Beijing+25: Accelerating Progress for Women and Girls draws upon the wisdom and experience of 25 global women leaders. In addition to Secretary Clinton, they include:
- Shaharzad Akbar, Chairperson for The Afghanistan Independent Human Rights Commission
- Leila Alikarami, Lawyer and Human Rights Advocate in Iran
- Laura Alonso, former Head of the Argentina Anti-Corruption Office
- Michelle Bachelet, UN High Commissioner for Human Rights and former President of Chile
- Ikram Ben-Said, Founder of Aswat Nissa in Tunisia
- Patricia Espinosa, Executive Secretary of the United Nations Framework Convention on Climate Change
- Drew Faust, former President, Harvard University
- Julia Gillard, former Prime Minister of Australia
- Dalia Grybauskaitė, former President of Lithuania
- Natalia Kanem, Executive Director of the United Nations Population Fund
- Susana Malcorra, former Foreign Minister of Argentina
- Phumzile Mlambo-Ngcuka, Executive Director of UN Women
- Chouchou Namegabe, Founder and CEO, ANZAFRIKA in The Democratic Republic of Congo
- Reema Nanavaty, Head of Self-Employed Women’s Association of India
- Marta Lucía Ramírez, Vice President of Colombia
- Mary Robinson, former President of Ireland
- Judith Rodin, former President of The Rockefeller Foundation
- May SabePhyu, Kachin Women’s Rights Activist, Myanmar
- Trisha Shetty, Founder of SheSays, India
- Ellen Johnson Sirleaf, former President of Liberia
- Virginia Tan, Co-Founder and President of Lean In China
- Carolyn Tastad, Group President for North America at Procter & Gamble
- Margot Wallström, former Deputy Prime Minister of Sweden
“This pandemic has exacted an especially cruel toll on women and minorities, exposing persistent inequalities and threatening the modest gains achieved in recent years,” said Dr. Rajiv J. Shah, President of The Rockefeller Foundation. “Only by working together, can we usher in a more just and prosperous world, and now is the time to bend the curve of this crisis and create a real and lasting systems change for women and girls – and for us all.”
Charting a Way Forward:
Part I of the report documents serious and persistent challenges such as the stagnation of women’s income and wages, discrimination depriving women of fair wages, and how women still carry the burden of unpaid work at home. Violence against women also remains a global scourge, and women remain largely excluded from higher levels of decision-making in governments (from local to the highest levels), in peace negotiations, and in corporate leadership.

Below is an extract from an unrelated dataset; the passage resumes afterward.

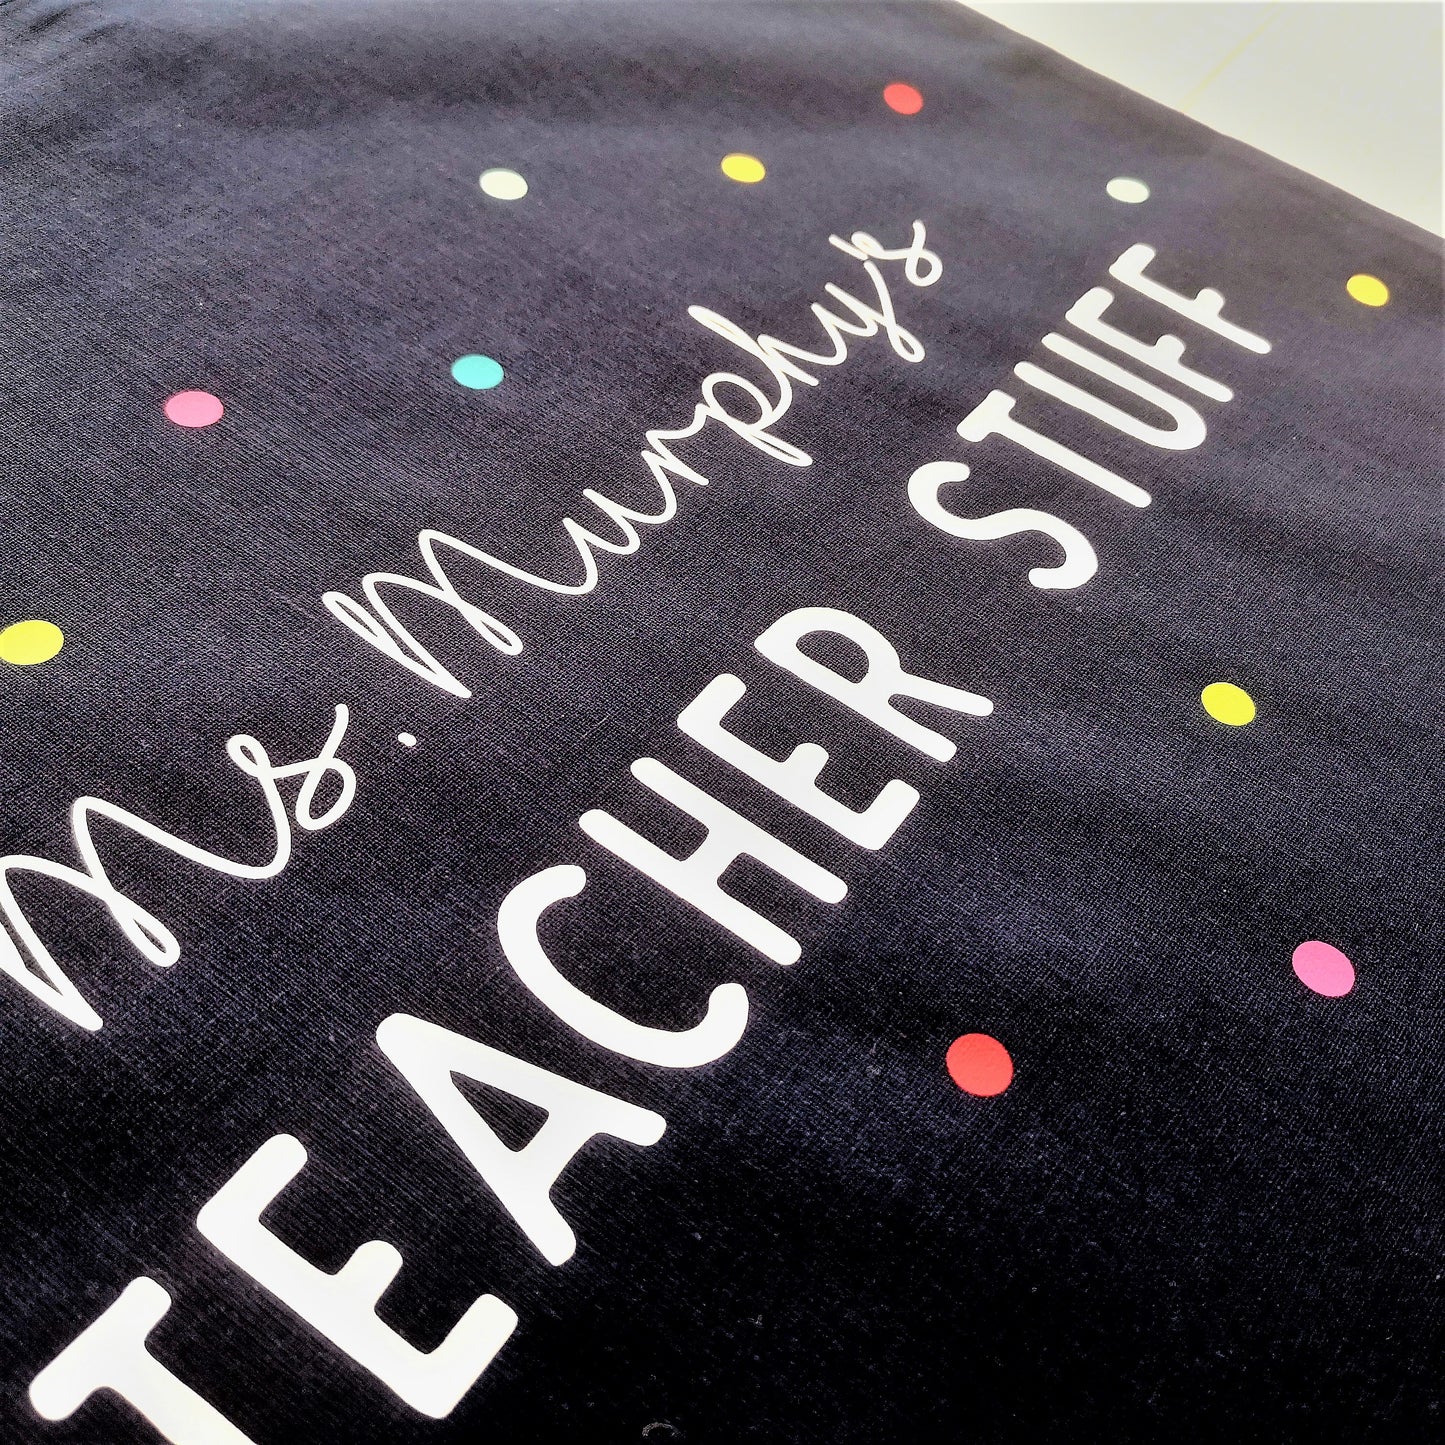 A close up photo of a personalised lightweight black cotton tote with <Name>'s TEACHER STUFF on it. The text is surrounded with multicoloured polkadots

With this as the backdrop, Part II provides a deeper dive into the five key areas for progress, mentioned above, with Part III proposing a course of action to leverage multiple actors—from civil society and youth, male allies and traditional authorities, through to the business community and multilateral agencies. When taken together, they not only accelerate progress for women and girls, but also build a better world for all.
This report was written by a GIWPS team, led by Dr. Jeni Klugman, Managing Director of GIWPS. It included extensive individual interviews with participants conducted by Ambassador Verveer and Sundaa Bridgett-Jones of The Rockefeller Foundation during the summer of 2020.